他很明白踏鞴砂诸人想要举办奉刀祭的用意。奉刀祭的最后一个步骤,是由锻造御神刀的刀匠亲手将御神刀奉往鸣神大社。目前正在踏鞴砂主持工作的枫原代行司正与丹羽久秀两家世代交好,根据枫原当初在踏鞴砂的码头送行时的表现,其人应当也早早嗅到了天领奉行的不善之意;他之所以认定此次锻造御神刀的刀匠为丹羽久秀,并将奉刀的任务交予他,想来也是有着试图帮助丹羽久秀寻求鸣神大社庇佑的意图。
但现在还太早了。评定所尚未做出处理决定——就算当下立即做出了决定,走程序上报雷神也需要等候数天——丹羽久秀等人离自由还远,根本没有必要现在就开始准备奉刀祭。
流浪者都能轻易看出现在还早,鸣神大社的狐狸会没有意识到这一点吗?但据佐海大辉所说,鸣神大社偏偏表现出了奇怪的积极,甚至有意勾动踏鞴砂的工匠们前往鸣神大社祈愿。
……是不是被算计了?
只需要问一个问题——
“——那么,阿倾也去了吗?”
他转头望向阿倾,轻轻从嘴中吐出这个问题。
阿倾正坐在树下与惠子婆婆、酒馆大叔、中村木匠等一众人分食着虾仙贝。他听见流浪者的声音,便抬起头来迎着那个与自己一模一样之人穿过重重人群望过来的目光,有些不明所以地回答:“当然去了,有个粉色头发的巫女姐姐还送了我一个御守呢。诶,你怎么了?”阿倾拥有小动物一样的直觉,敏锐地察觉到了流浪者的情绪不对,有些担忧地问。
“没事,”流浪者勉强地抬了抬嘴角,“我来到稻妻城,竟然没想到去鸣神大社祈祷,真是太不应该了。

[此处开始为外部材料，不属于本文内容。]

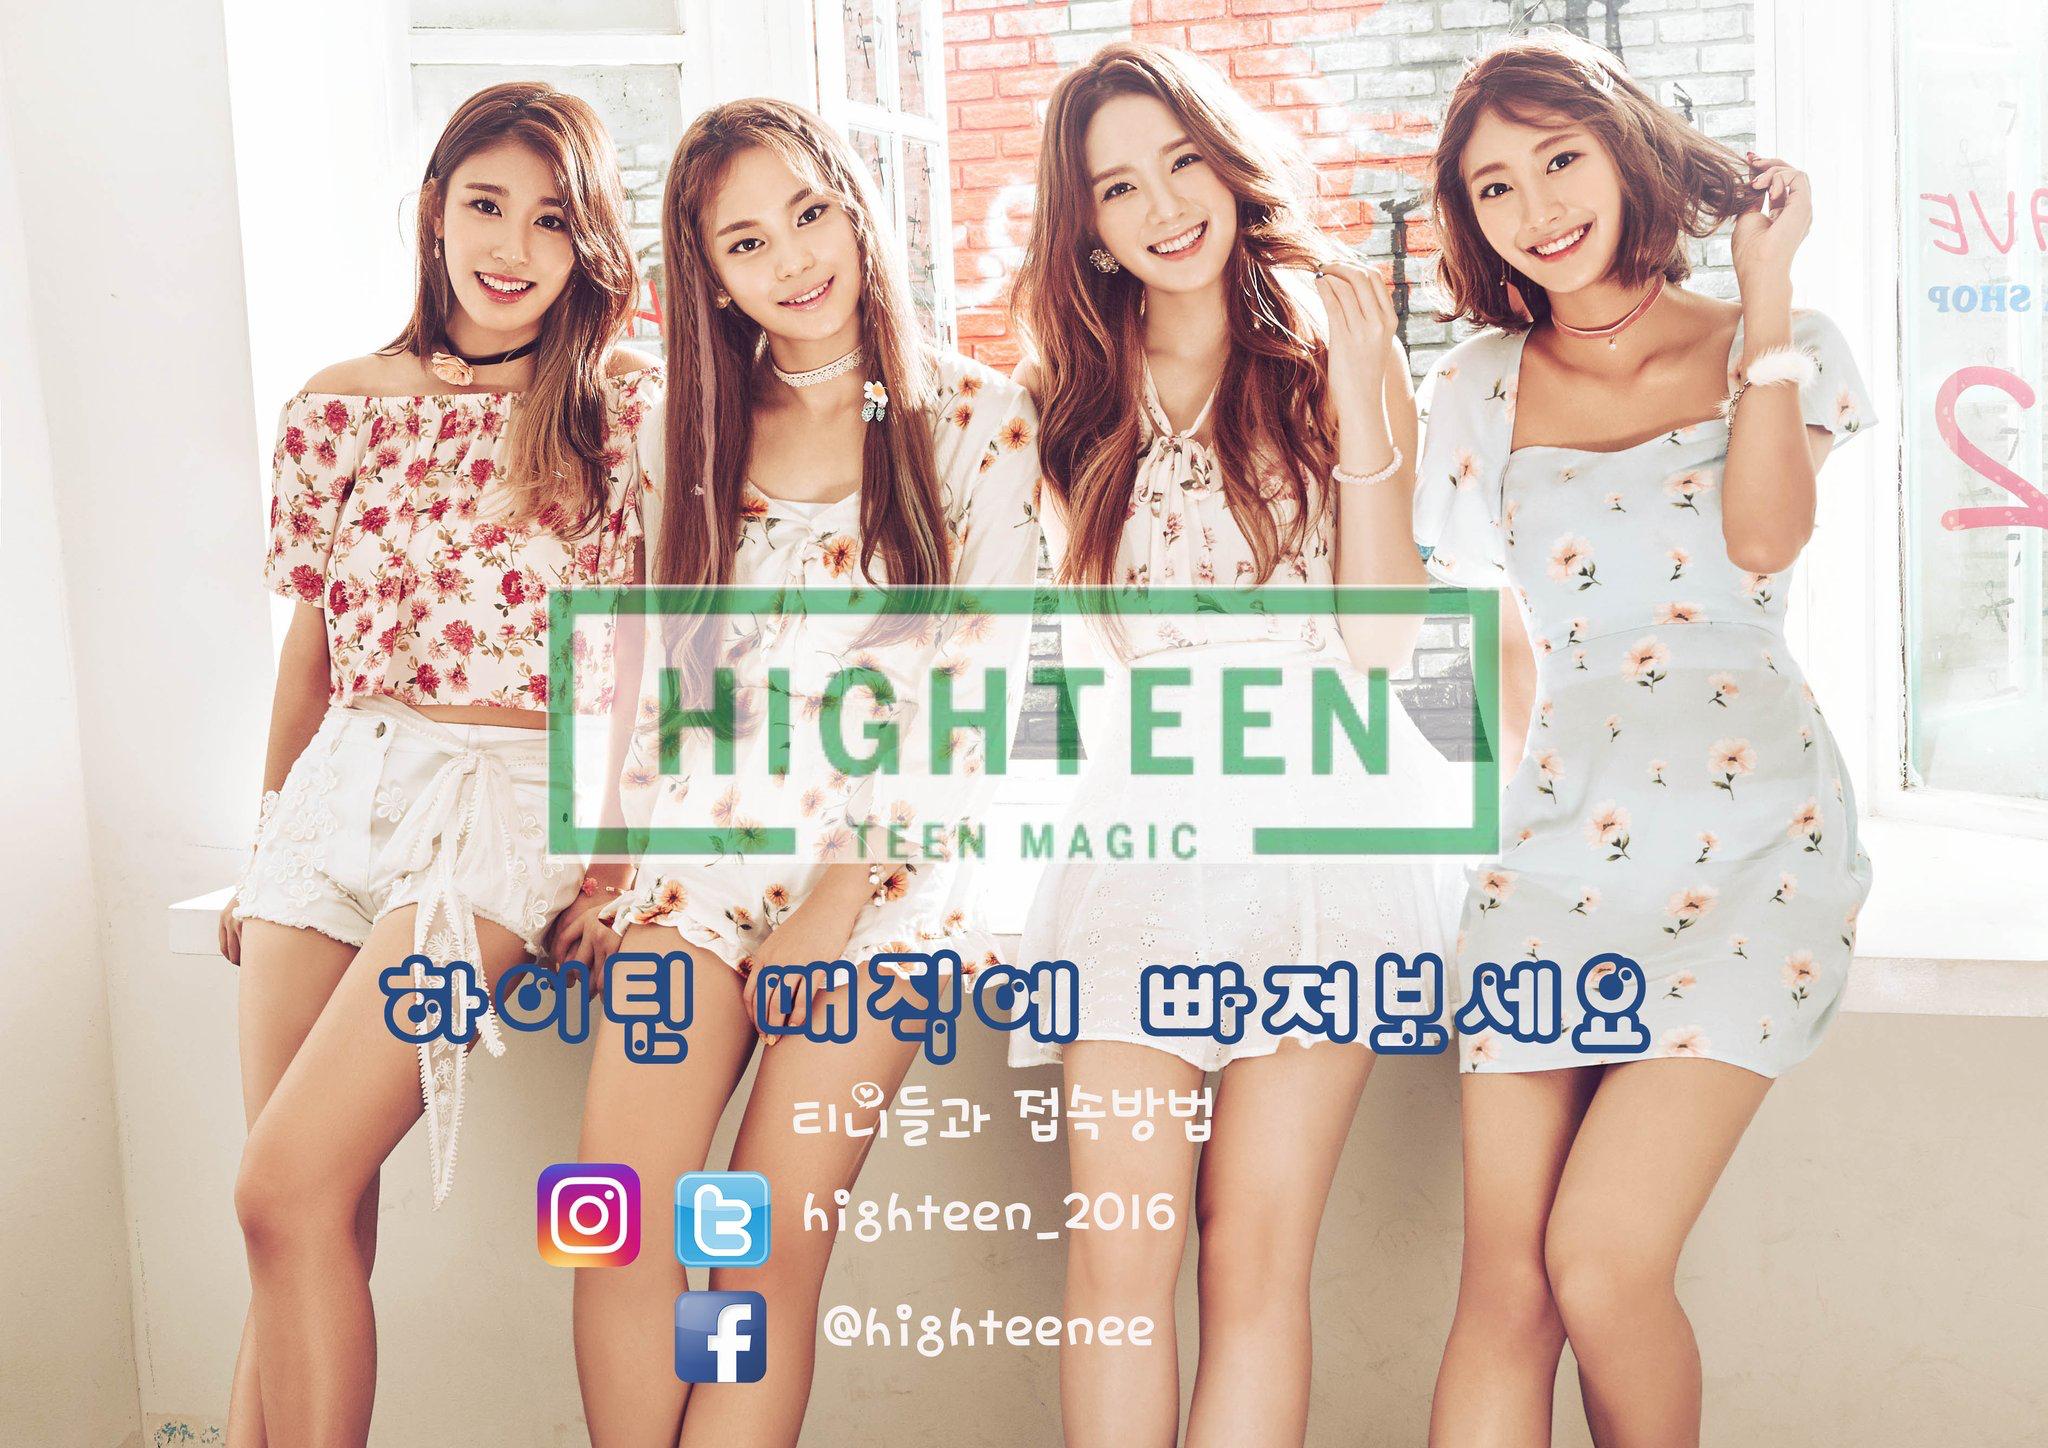 Highteen highteen pinterest highteen stopboris Image collections

我得赶快出发——”他拨开人群就要往外走。
“你别呀!”阿倾蓦地从凳子上跳起,急忙扑过去展开胳膊:“就算是去祈福,也不用这么着急。你看已经是下午了,现在去鸣神大社就得走夜路,镇守之森晚上会有野兽,很危险的!”
他伸展开纤细的手臂紧紧拥抱住流浪者,用自己的躯干紧贴着流浪者的胸膛,心惊胆战地感受着流浪者身上迸发的欲要择人而噬的恨怒:“明天,明天我陪你一起去。”
流浪者感到自己被阿倾箍住,停下了脚步,咬牙道:“你就不该去!”
良久之后,直到感受到流浪者在自己的怀中软化下来,阿倾才小心翼翼放下手臂,带着点安抚意味地握住流浪者的指尖:“你租好旅馆了吗?如果没有的话,今天晚上你来和我一起睡吧。”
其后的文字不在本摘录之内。